1 Bullous pemphigoid is blistering between the epidermis and dermis. 

Bullous pemphigoid is an autoimmune disease in which antibodies are formed against collagen in the hemidesmosomes of the basement membrane. The response is both inflammatory and immune, with release of cytokines from the T- cells leading to complement activation, recruitment of neutrophils (acute inflammatory cells) and the release of proteolytic enzymes. 

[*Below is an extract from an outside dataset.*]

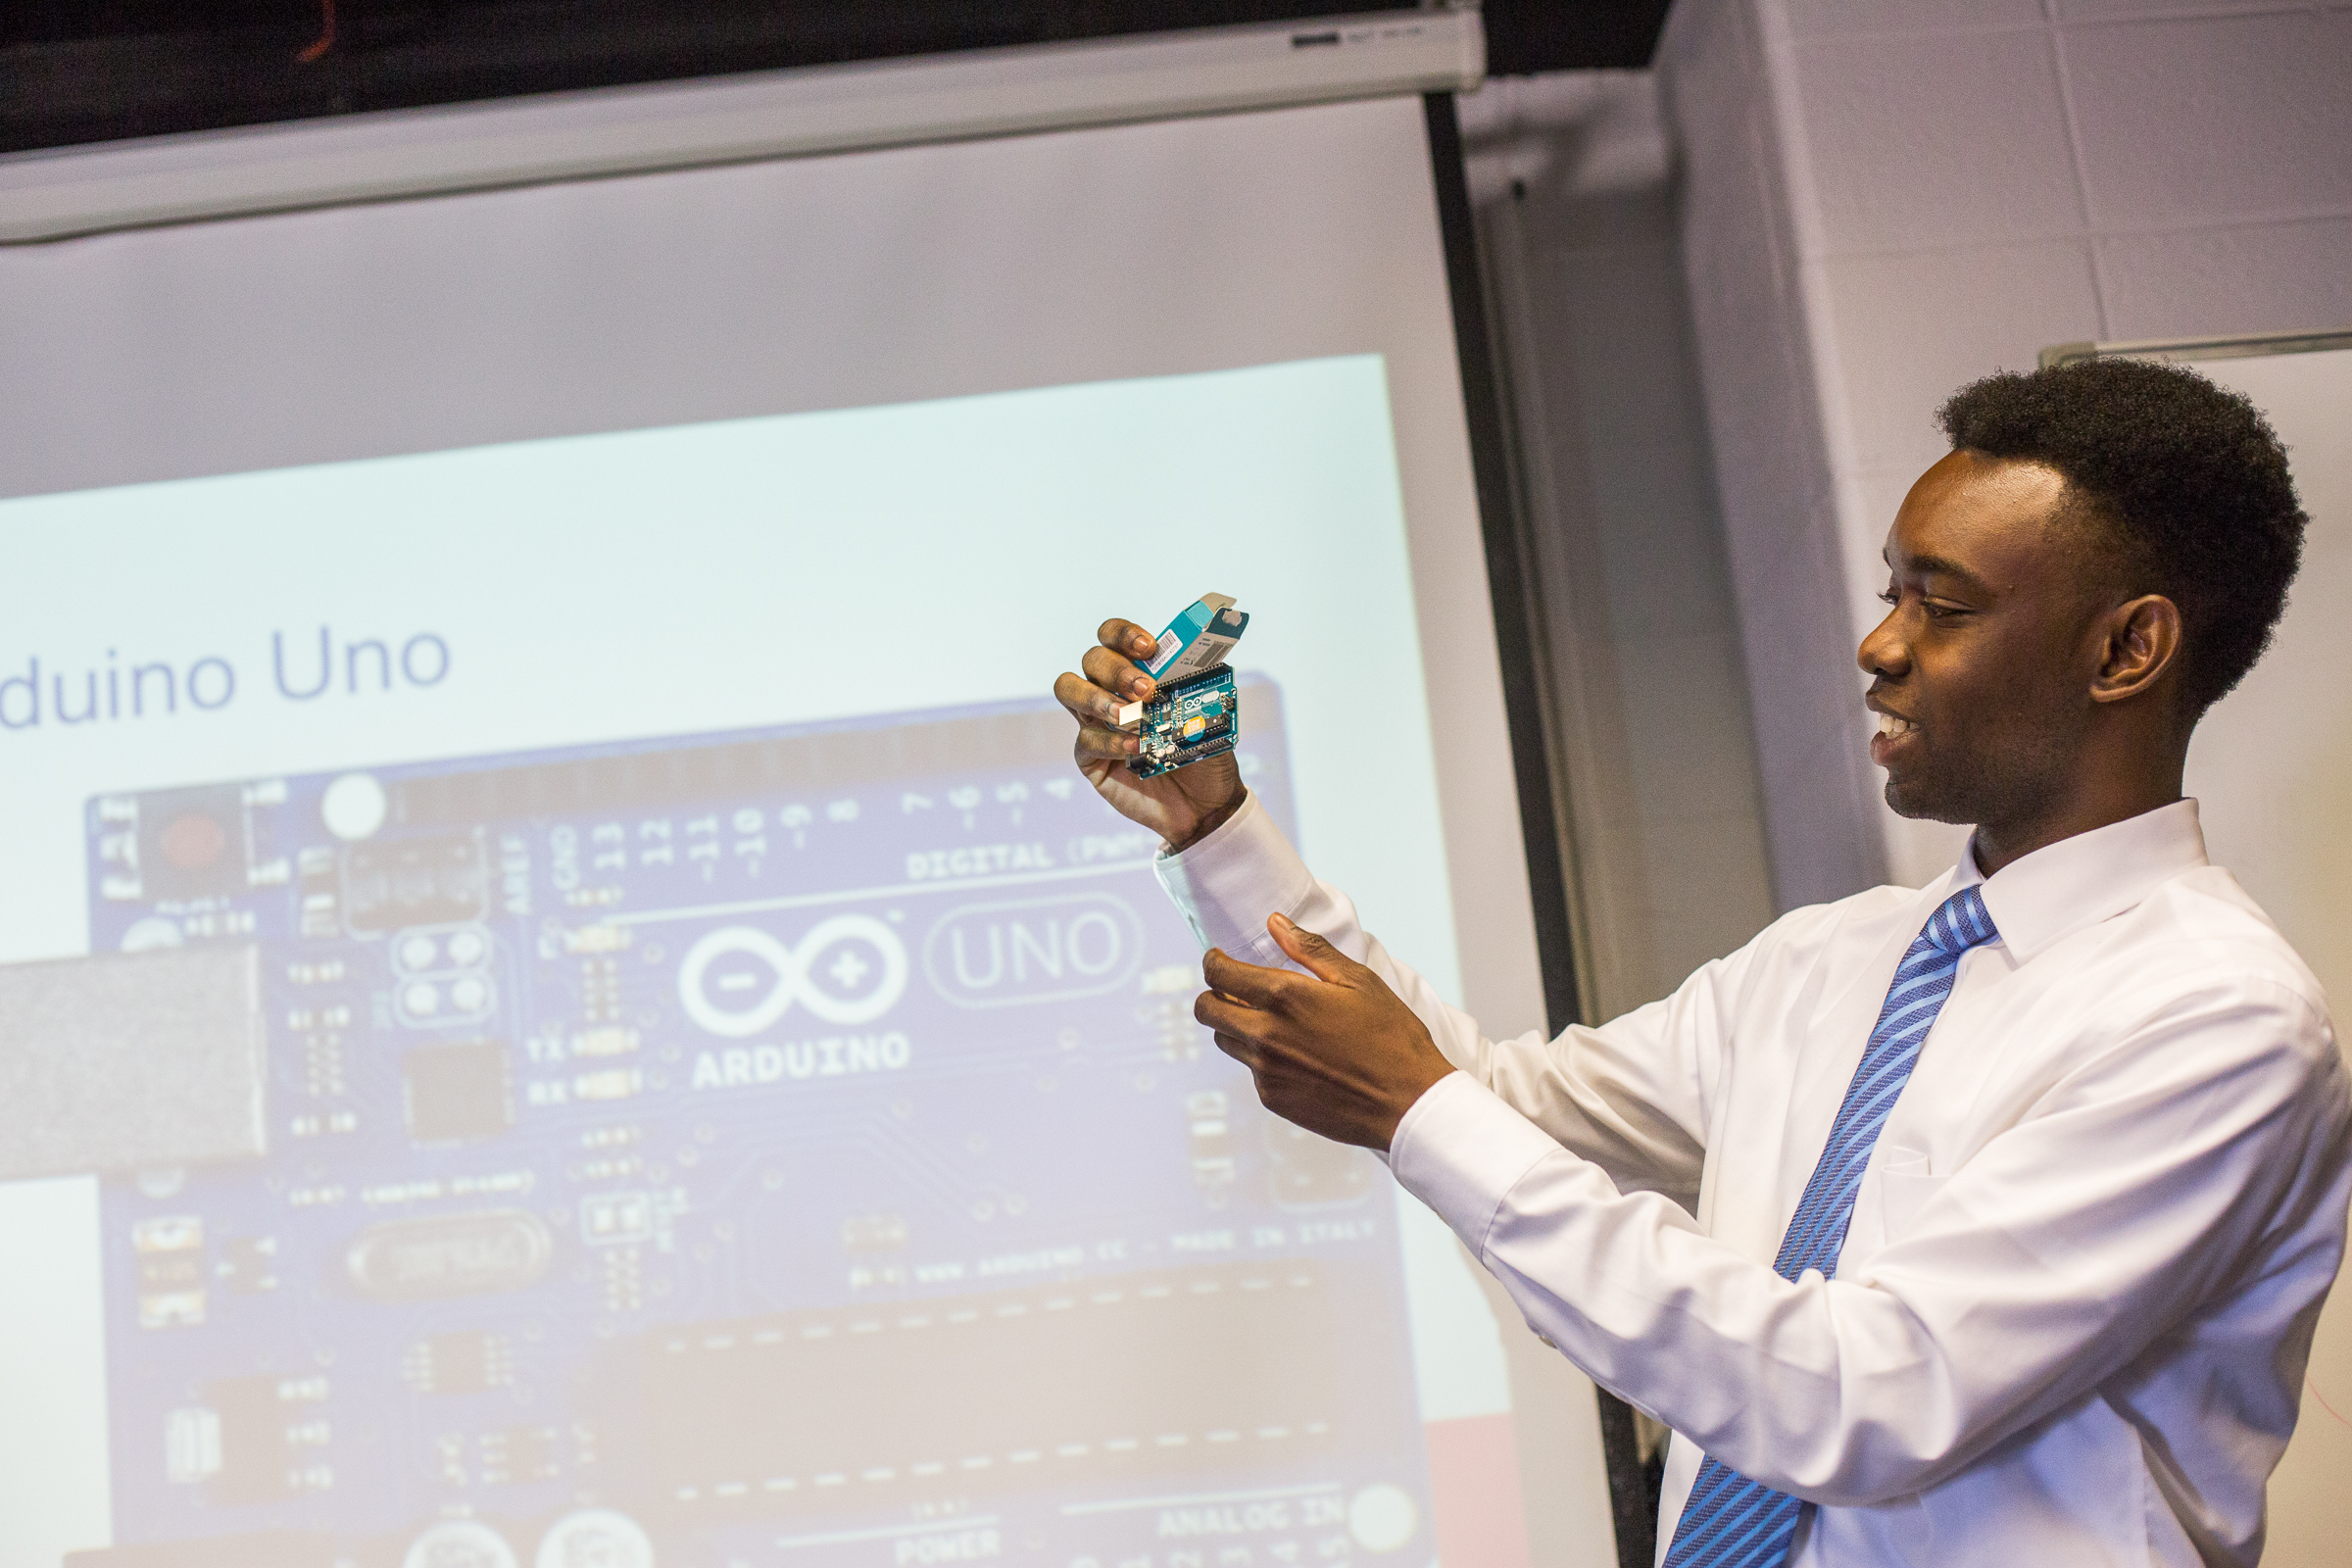 An E.N.G. student holds up an arduino used in his research
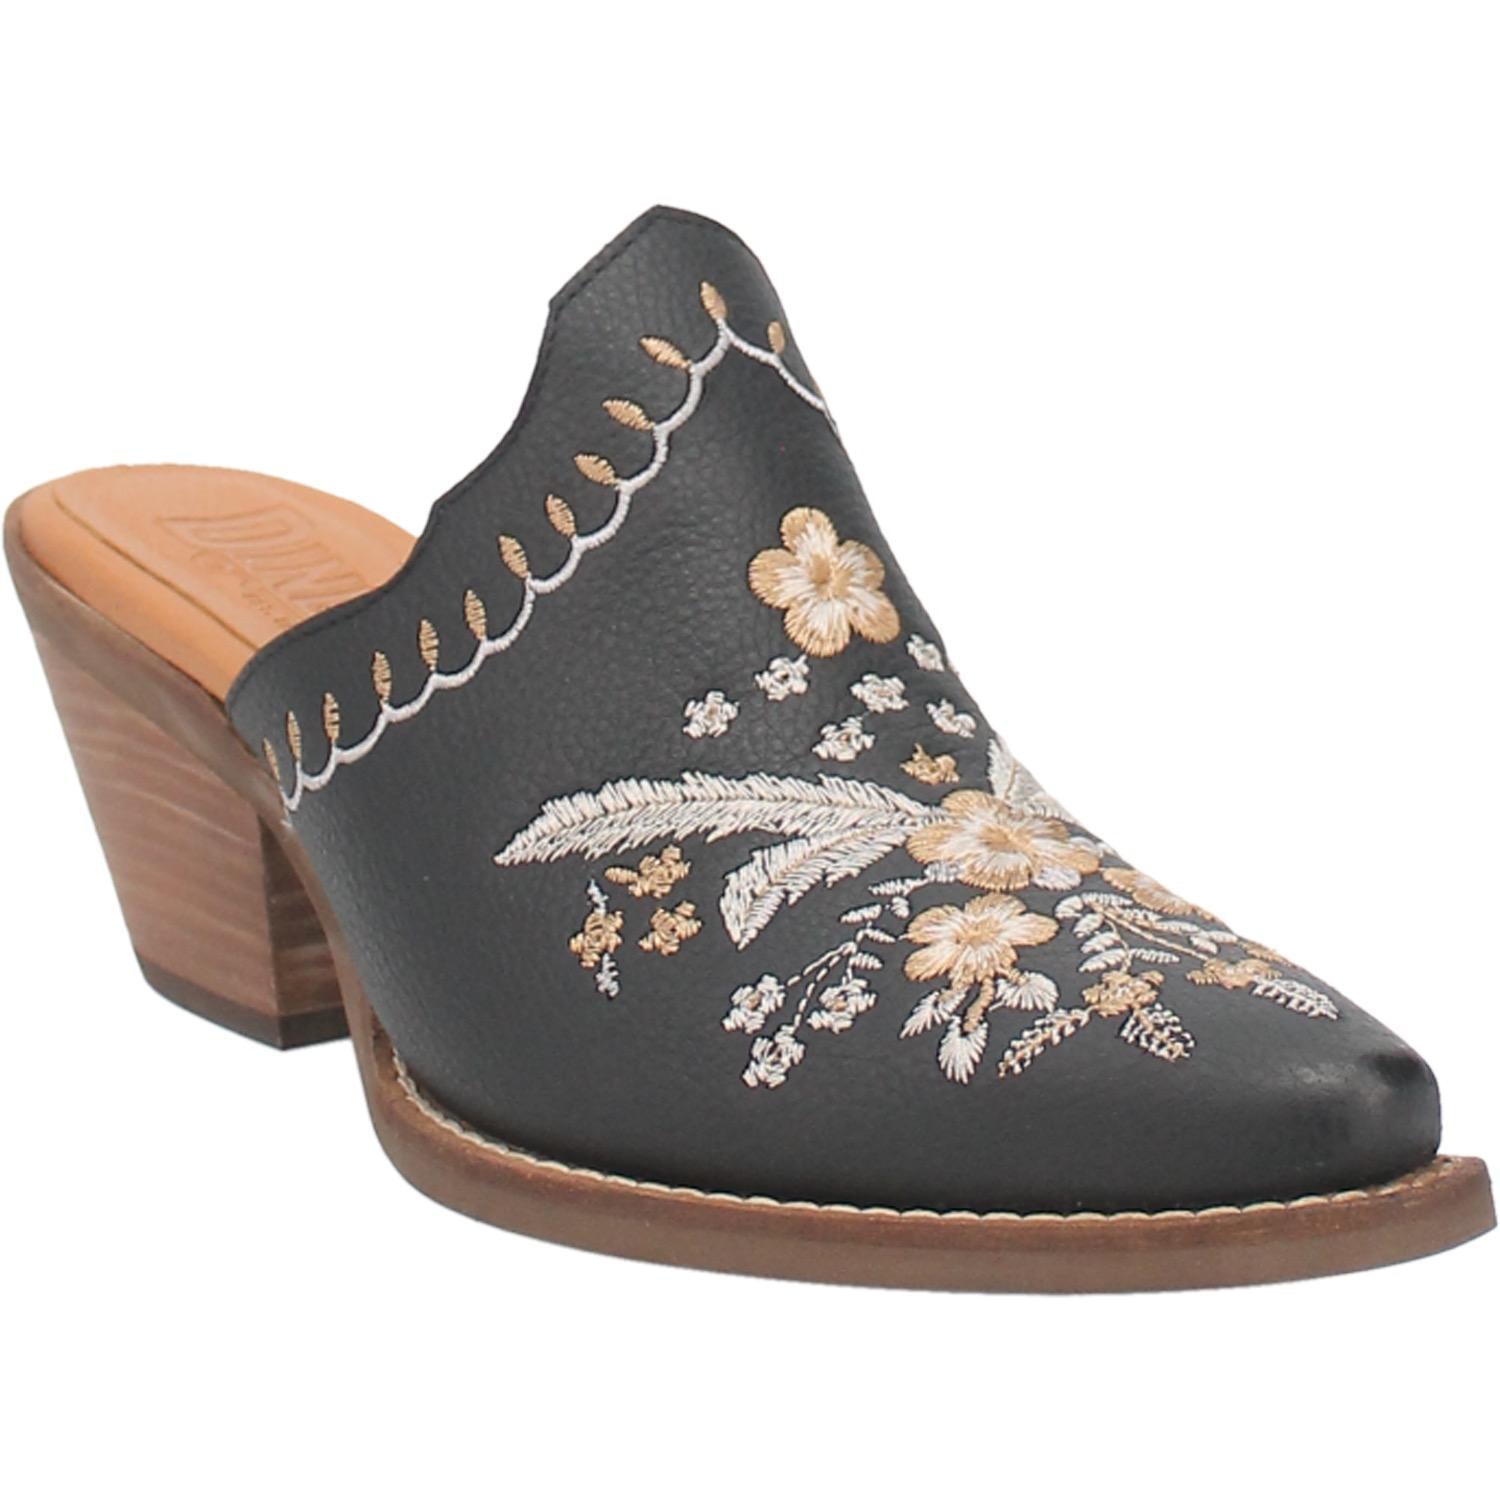 A black bootie with a white and cream floral and feather design on the upper, a white and cream stitched design on the edge, and a short heel

Bullous pemphigoid initially begins as a rash and progresses to bullae in weeks to months, typically presenting in the axillae, on the flexor surface of the forearms, medial thighs, trunk, and abdomen [Figure 1]. It most commonly affects patients between the ages of 60 and 80, but can also be seen in children. 

2 Scleroderma is a rare autoimmune disease that leads to hardening of the skin. 

Scleroderma is a chronic systemic disease of progressive inflammation and tissue fibrosis and includes occlusion of small blood vessels. This presents as skin tightening, discolouration, itching and Raynaud’s phenomenon. The latter is a constriction of small blood vessels of the hands, resulting in painful, cold and bluish fingers [Figure 2]. Scleroderma can also cause difficulty eating, heartburn, constipation that alternates with diarrhoea, a dry cough, joint pain and muscle weakness

3 Epidermolysis bullosa presents as fragile skin that blisters easily.  

Epidermolysis bullosa is a rare, inherited condition, which is due to structural defects in the dermo-epidermal junction. Trivial mechanical trauma and shear stress can provoke skin blistering, erosion, and ulceration. Epidermolysis bullosa simplex presents with blistering, pruritus, pain, nail abnormalities, dyspigmentation, keratoderma, erosions, and scarring.  Repeated chronic insult to the epidermis is thought to predispose patients to a mildly elevated incidence of skin cancers [Figure 3].

4 Sickle cell disease can lead to leg ulcerations.

Sickle cell disease is an inherited form of anaemia due to abnormally crescent-shaped red blood cells that cannot deliver enough oxygen to the cells. The triggering event for sickling is often hypoxaemia that deoxygenates the sickle haemoglobin and makes it a rigid sickle shape. The sickled red blood cell occludes the blood vessels, causing severe painful ischaemic attacks in the affected areas or organs. Leg ulcers are a chronic painful problem [Figure 4]. The most common sites are the medial and lateral malleoli. Healing is delayed and infection may occur.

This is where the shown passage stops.